Por muy simple que parezcan estas distinciones, es importante plasmarlas desde un inicio ya que, en el calor de la discusión legislativa, los objetivos de los proyectos suelen desdibujarse en desmedro de agendas sectoriales. Por ejemplo, algunos parlamentarios oficialistas ya han planteado incluir medidas como la tasa “Robin Hood” o reflotar la pésima idea de un “impuesto al patrimonio”.

¿Cuál debería ser, entonces, el propósito de modificar una vez más la ley de rentas? Con una economía estancada, que no es capaz de enmendar el rumbo, el objetivo debe ser uno solo: tener una reforma pro-inversión y pro-crecimiento, que simplifique nuestro actual sistema y que entregue certezas de largo plazo.

  • Lo primero y más relevante es reducir el impuesto corporativo (primera categoría) del 27% actual a un 23%, levemente por debajo del promedio OCDE (23,7%). No solo nuestra tasa es alta, sino que mientras la mayoría de los países de este grupo la ha disminuido en los últimos veinte años, nosotros la hemos aumentado. Necesitamos con urgencia hacer más rentables los proyectos de inversión y volver a posicionar a Chile como un destino atractivo para la inversión.  A esta rebaja, agregaría un esquema de invariabilidad tributaria para grandes proyectos, siguiendo la exitosa experiencia del DL600.
  • Segundo, con múltiples regímenes y tratos diferenciados (exenciones), urge simplificar nuestro sistema tributario.

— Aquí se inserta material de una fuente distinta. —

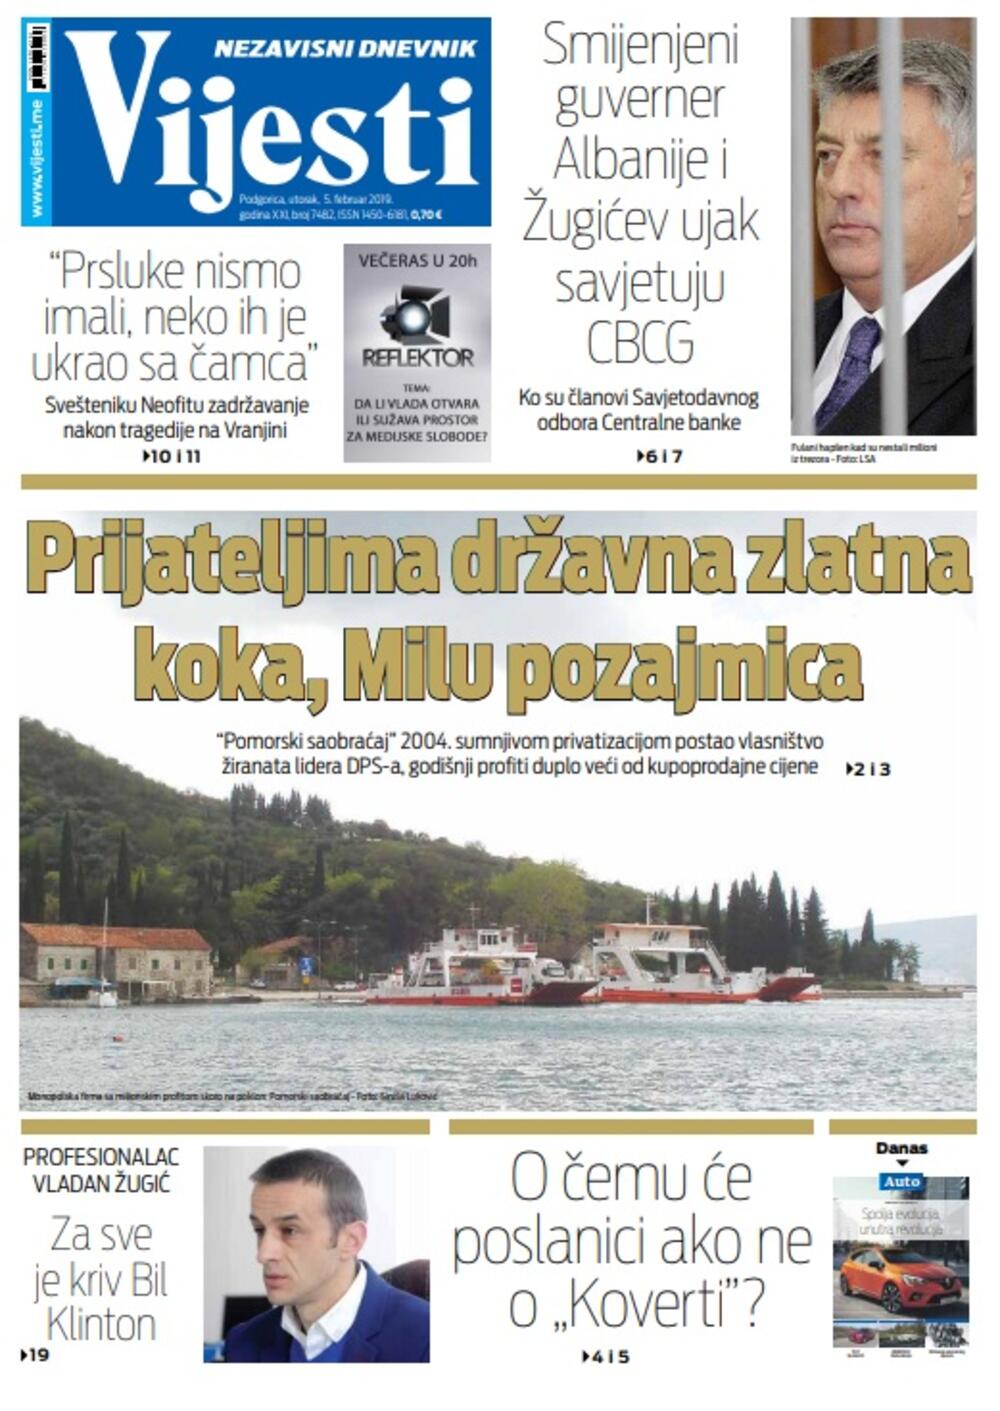 Naslovna strana "Vijesti" za 5. februar, Foto: Vijesti

Lamentable, el gobierno parece ir en la dirección contraria, ya que insistiría con su desintegración, agregando dos tasas nuevas a las rentas del capital: una de 16% y otra de 4%. Junto con esto propondría dos regímenes para pymes: uno transparente (que ya existe) y otro de monotributo. ¿Por qué seguir complejizando el sistema con más tasas y regímenes especiales enfocados en pymes? Esto solo terminará engrosando los bolsillos de abogados y contadores y profundizará los incentivos de las empresas a no crecer.
  • Tercero, el gobierno insiste en seguir aumentando la tasa de impuestos a las personas de mayores ingresos, cuando todos sabemos que la brecha de recaudación se encuentra en los tramos más bajos. Mientras en Chile un 75% de los trabajadores se encuentran en el tramo exento, el promedio OCDE es de 30%. Enfrentar esta verdad incómoda por cierto tiene costos políticos, pero se puede hacer de manera gradual y desanclando la decisión del gobierno de turno (Horizontal, 2023).

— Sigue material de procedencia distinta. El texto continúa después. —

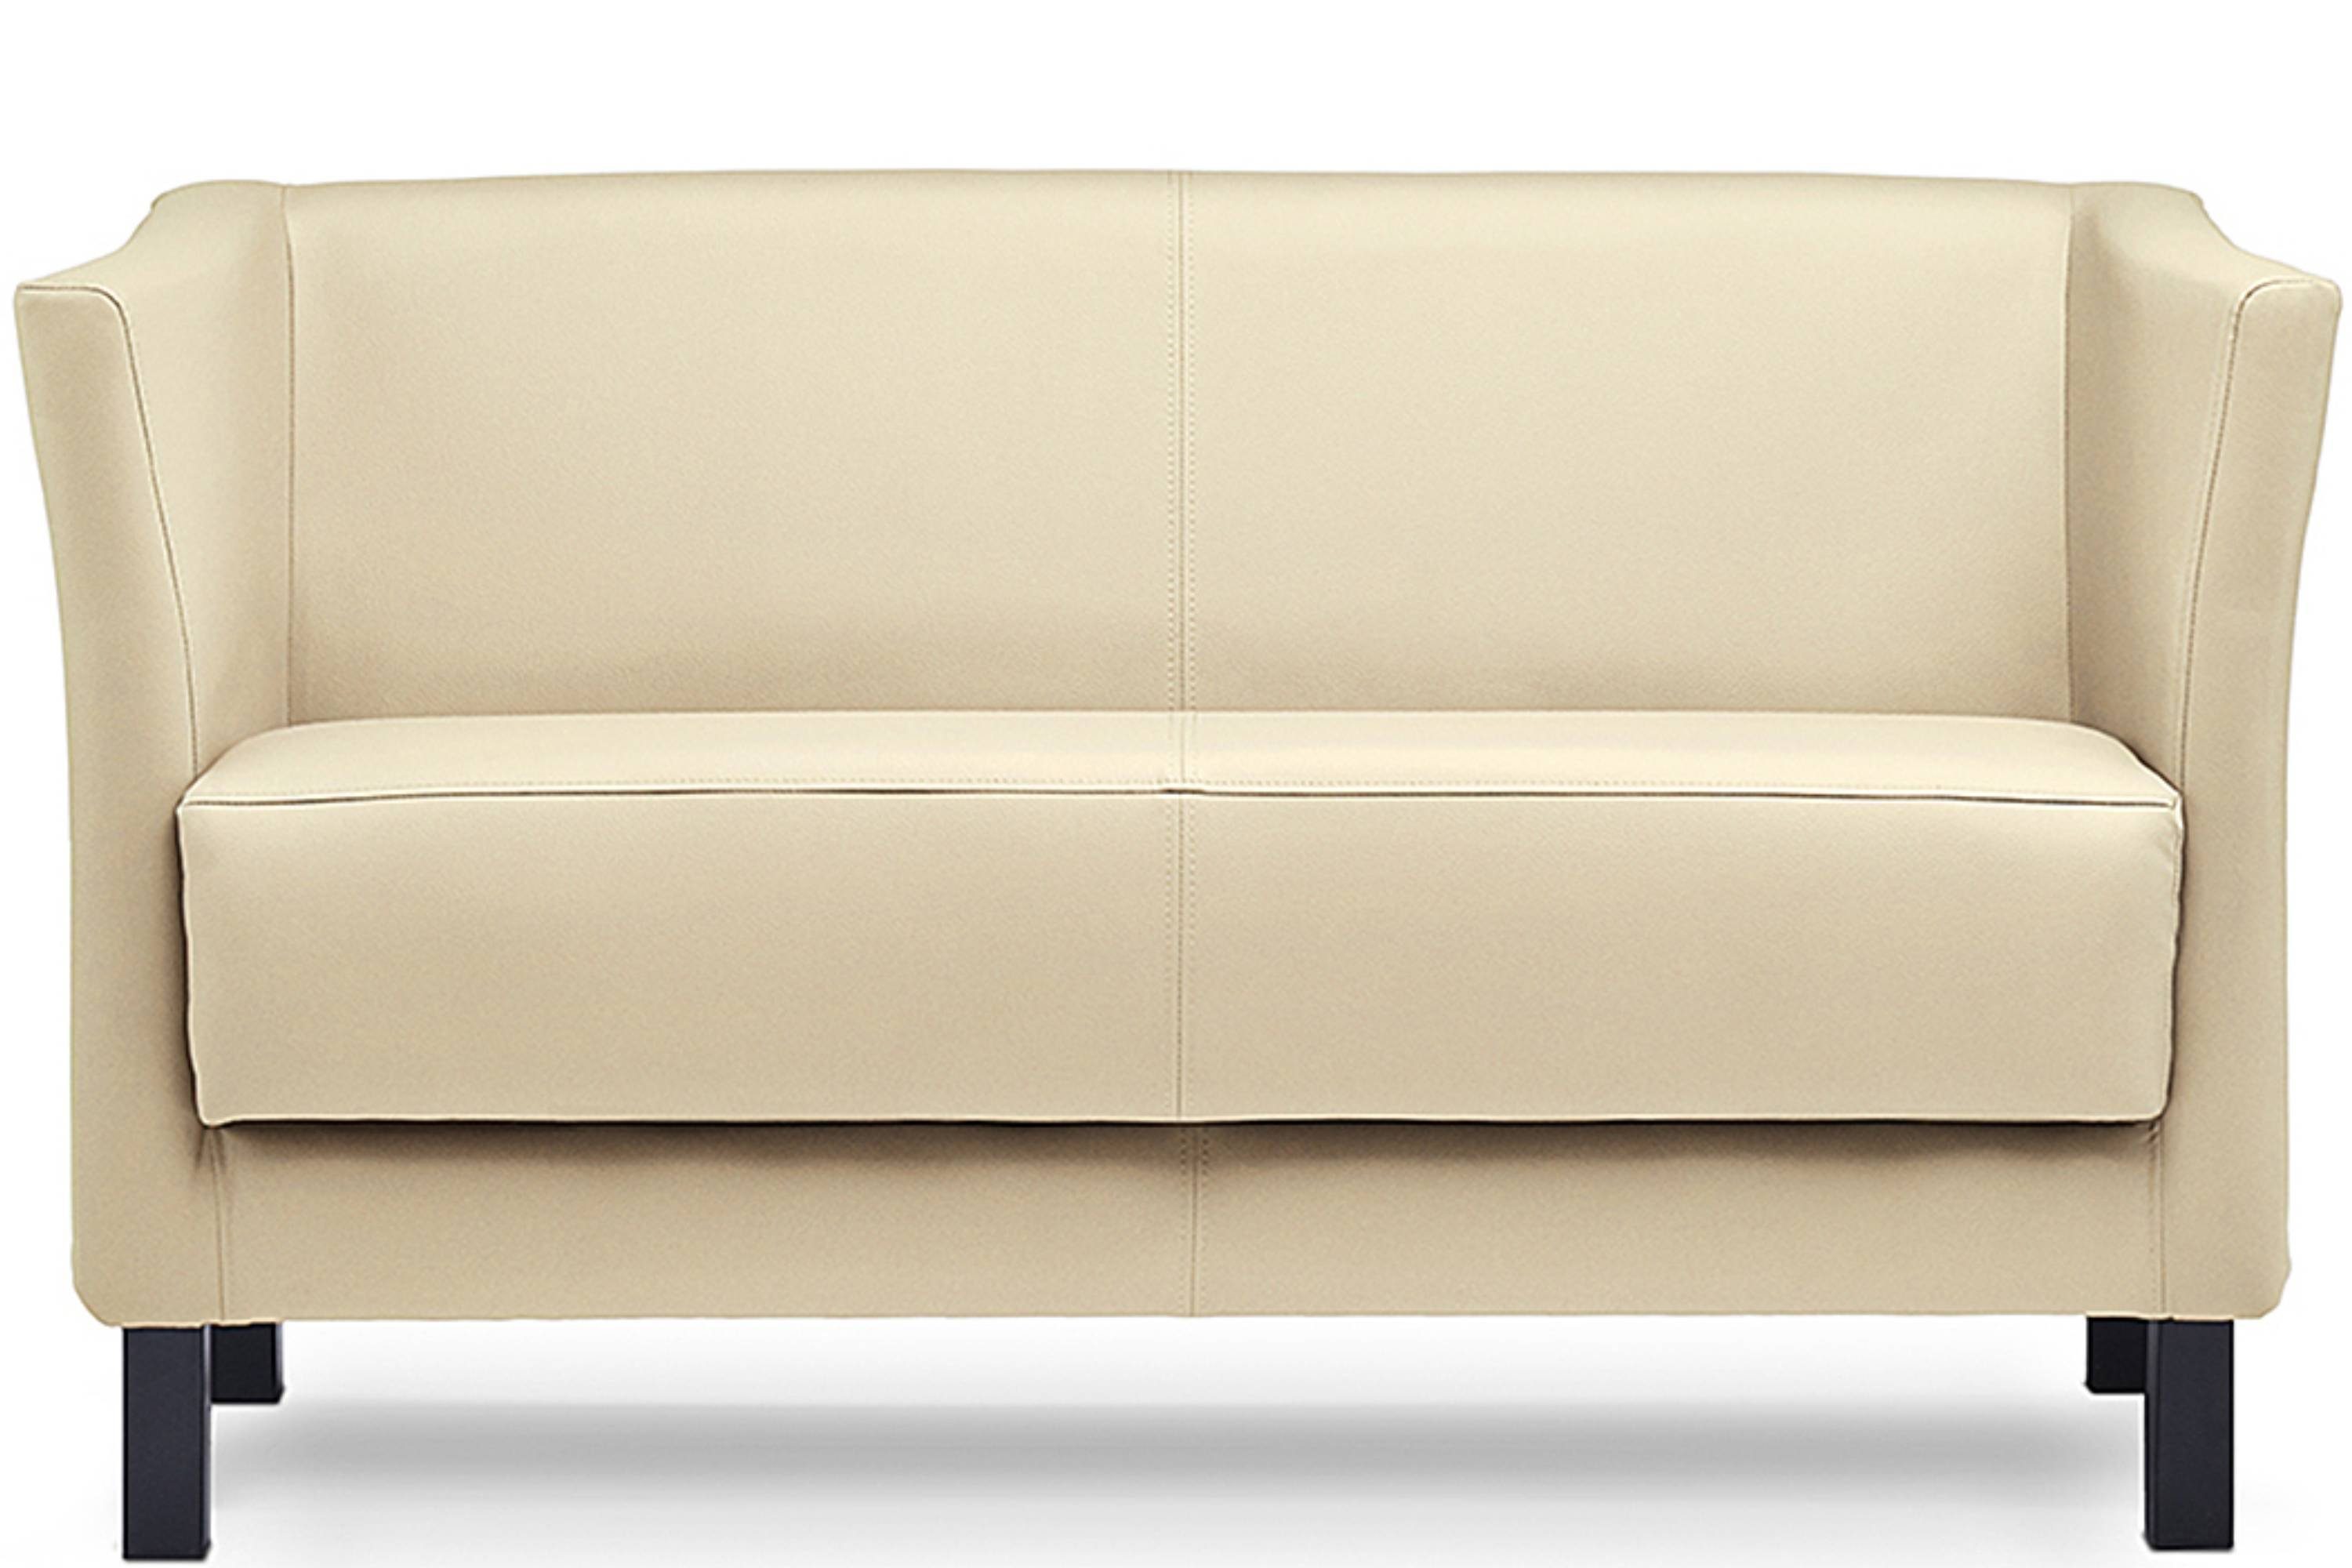 Konsimo 2-Sitzer ESPECTO Sofa 2 Personen, weiche Sitzfläche und hohe Rückenlehne, Kunstleder, hohe Massivholzbeine creme | creme

¿Cómo financiar la reforma? Disminuir en cuatro puntos el impuesto corporativo tiene un costo fiscal anual de 0,6% del PIB (Comisión Marfán, 2023). Si eliminamos con determinación exenciones que hoy no tienen justificación como la renta presunta; igualamos el impuesto al diésel al de las bencinas; y aumentamos el impuesto a los alcoholes, hay recursos de sobra. A esto hay que agregar la mayor recaudación en el largo plazo que genera el crecimiento adicional de esta medida (0,4% del PIB en 10 años).

El ministro Marcel tiene una última oportunidad para reivindicar la importancia del crecimiento económico en la agenda de un gobierno al que le queda poco tiempo y que perderá trascendencia con cada día que pase de este 2025. Ojalá que partamos bien este (último) año y este proyecto se haga cargo de la urgente necesidad de volver a crecer.